Da Zukunft ein elementares Element dieses Blogs ist, muss das Video 'Arbeitswelten 4.0 – Wie wir morgen arbeiten und leben' hier rein. Sei es noch so bescheuert. 

Bescheuert deshalb, weil die Autoren und Filmemacher viel zu wenig apokalyptische Weblogs und Texte lesen. Das klingt ja (fast) alles total nett und schmusi und fancy und alles. Schaut man sich die Realitäten – insbesondere die der Werbewelten – mal genauer an, wird schnell klar: So utopisch wie im Video wird das alles ganz sicher nicht werden. Nehmen wir die Szene mit der schwangeren Dame und der sensitiv-intelligenten Litfaßsäule: Erstmal muss die Frau sich für die orwell'sche Überwachung via Smartphone-GPS entscheiden.
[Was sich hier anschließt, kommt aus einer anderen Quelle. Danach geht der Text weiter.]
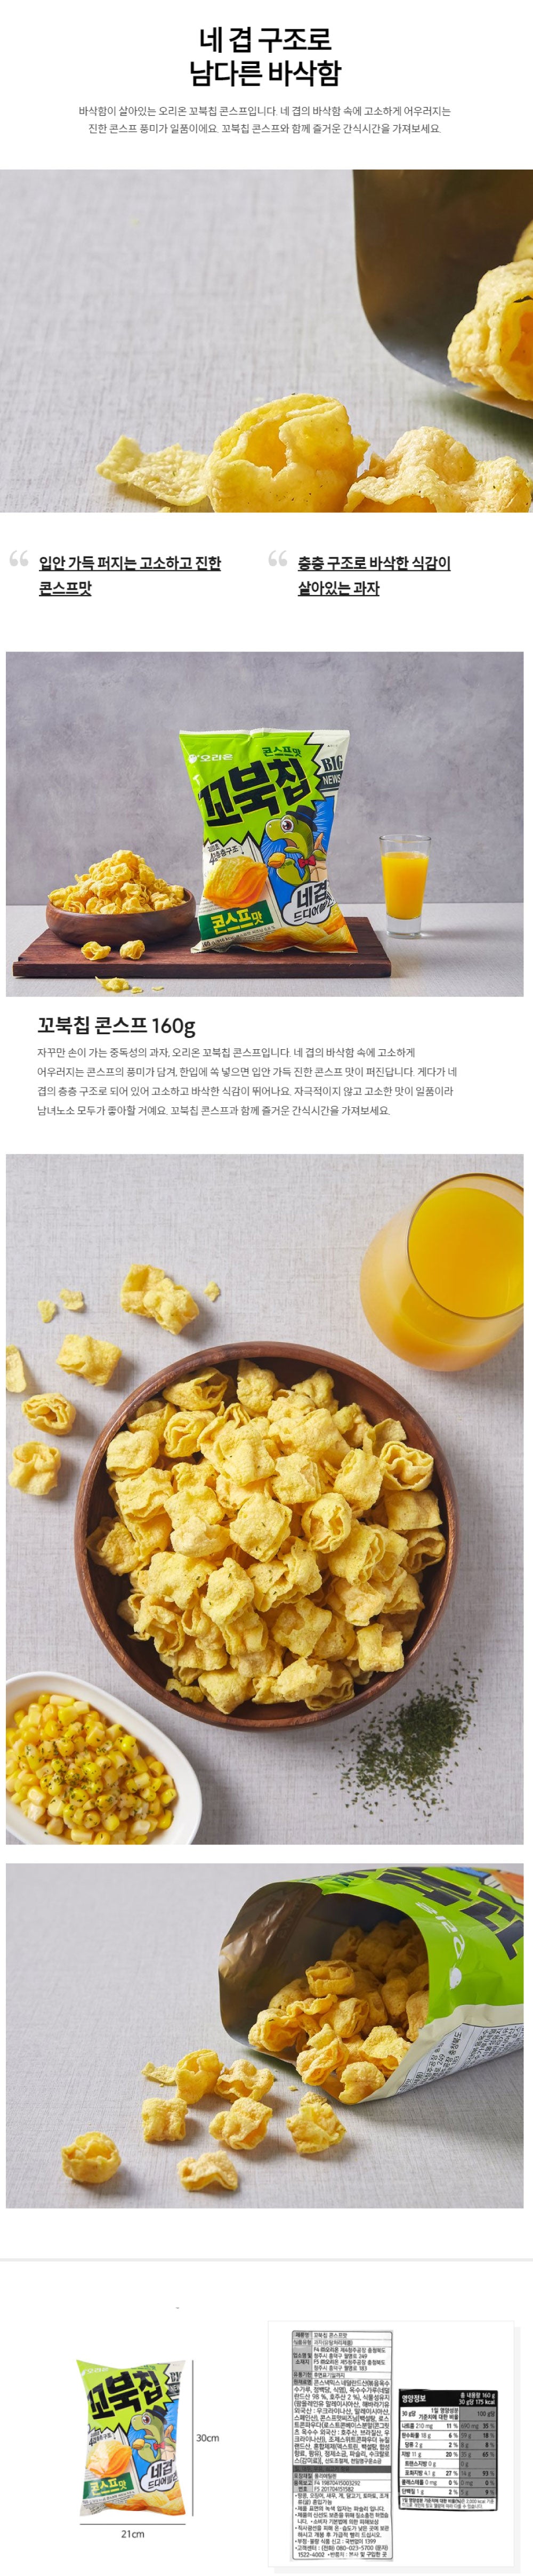 꼬북칩 콘소메 과자 인기 한국과자 시드니 호주 마트

In meinem Bekanntenkreis ist der Gedanke weniger ist mehr zumindest  zwangsweise teilweise etabliert. Das Betrifft sowohl die Erreichbarkeit, als auch den Einsatz von Ortungsdiensten. Dieses Werbeutopia funktioniert also nur dann, wenn wir alle / die meisten sich jederzeit (ver)orten lassen möchten. Fairerweise muss man anmerken: Meine Leser und Bekannten und Freunde sind möglicherweise nicht repräsentativ für den Massenmarkt, das mag sein, ja. Dennoch: Das die Menschen nicht so blöde sind, wie es das Dschungelcamp verkündet, glaube ich aber insgeheim trotzdem noch immer.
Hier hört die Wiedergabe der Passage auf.